▶ **Action item**: Please output the listing below character for character and omit the images.

▶ **Given information**:
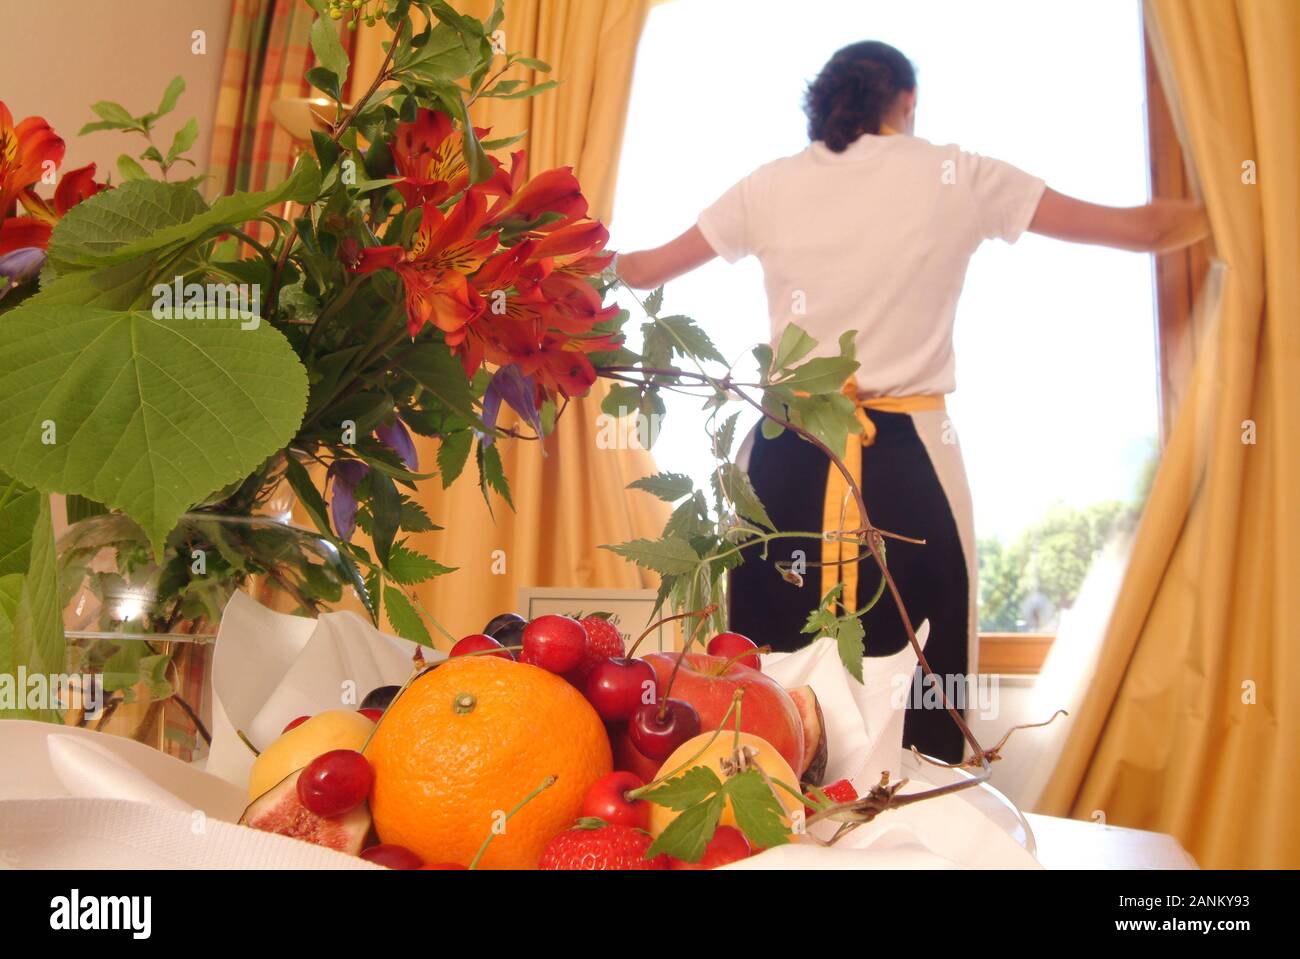 Zimmermädchen und Obstschale in einem Hotelzimmer - Chambermaid and fruit bowl in hotel room Stock Photo
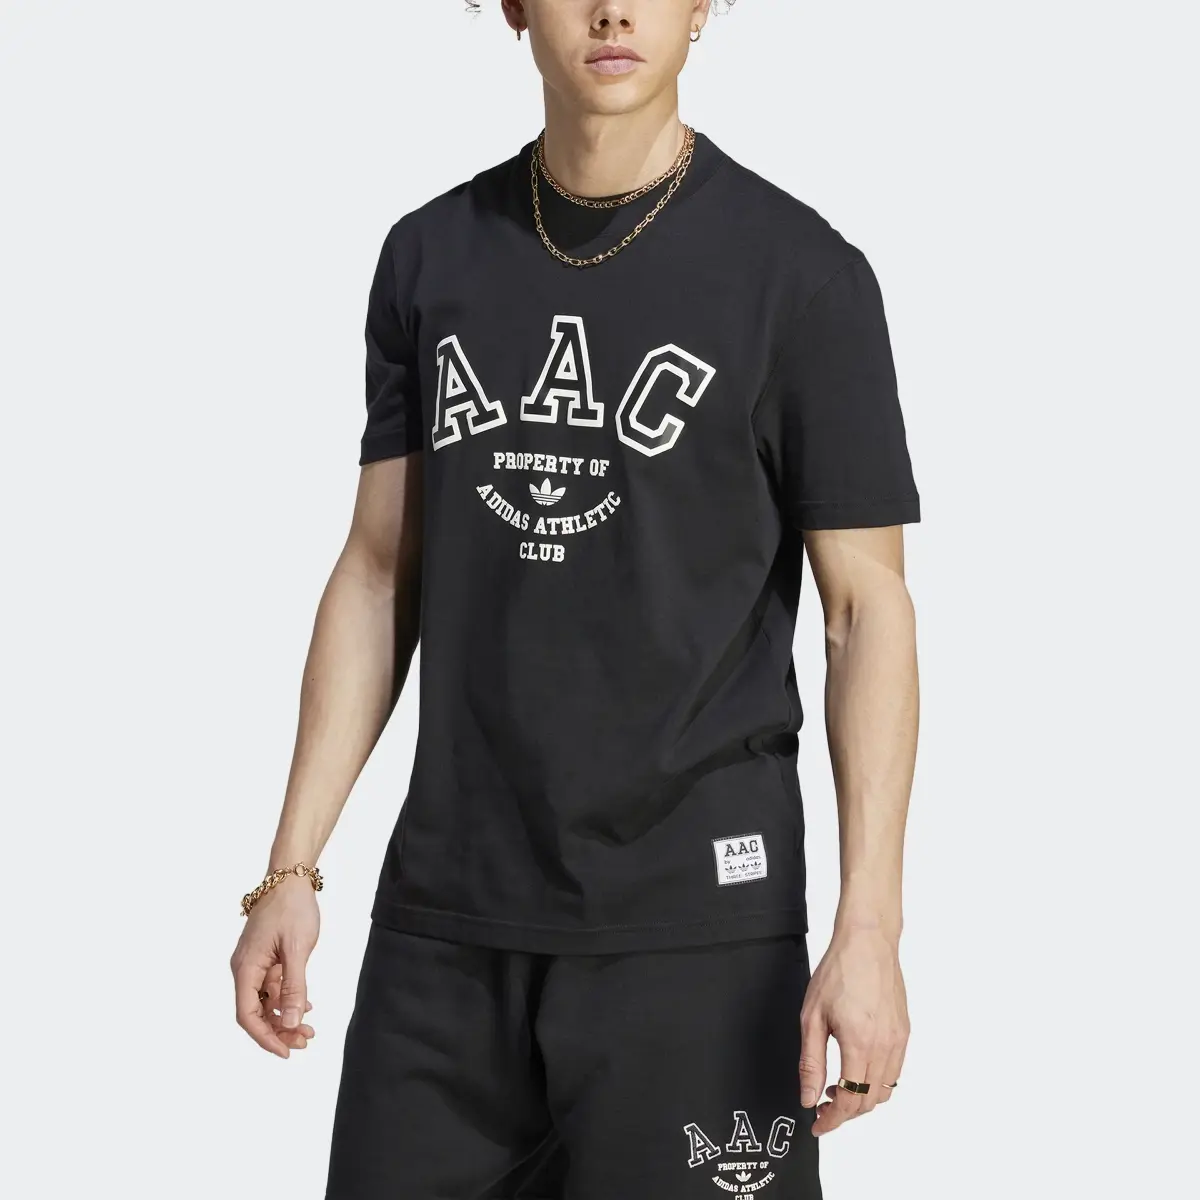 Adidas RIFTA Metro AAC T-Shirt. 1
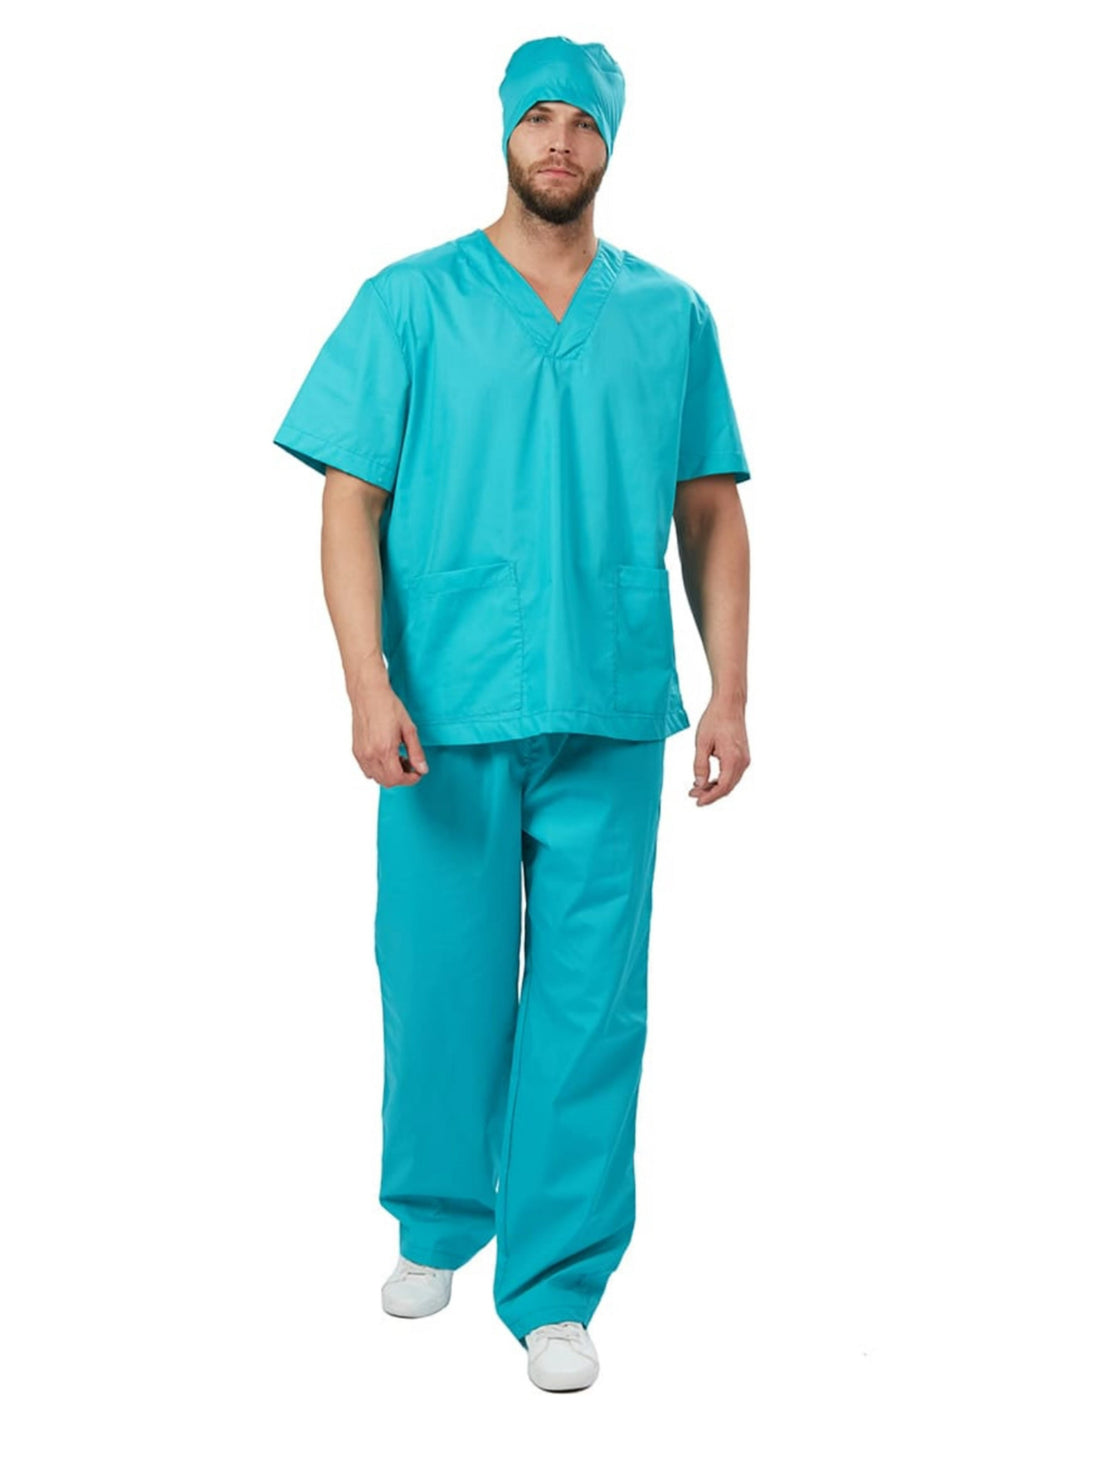 Pijama Quirúrgica Uniformes Stanford de Hombre Repelente y resistente

▶ **Your solution**:
 Zimmermädchen und Obstschale in einem Hotelzimmer - Chambermaid and fruit bowl in hotel room Stock Photo
 Adidas RIFTA Metro AAC T-Shirt. 1
 Pijama Quirúrgica Uniformes Stanford de Hombre Repelente y resistente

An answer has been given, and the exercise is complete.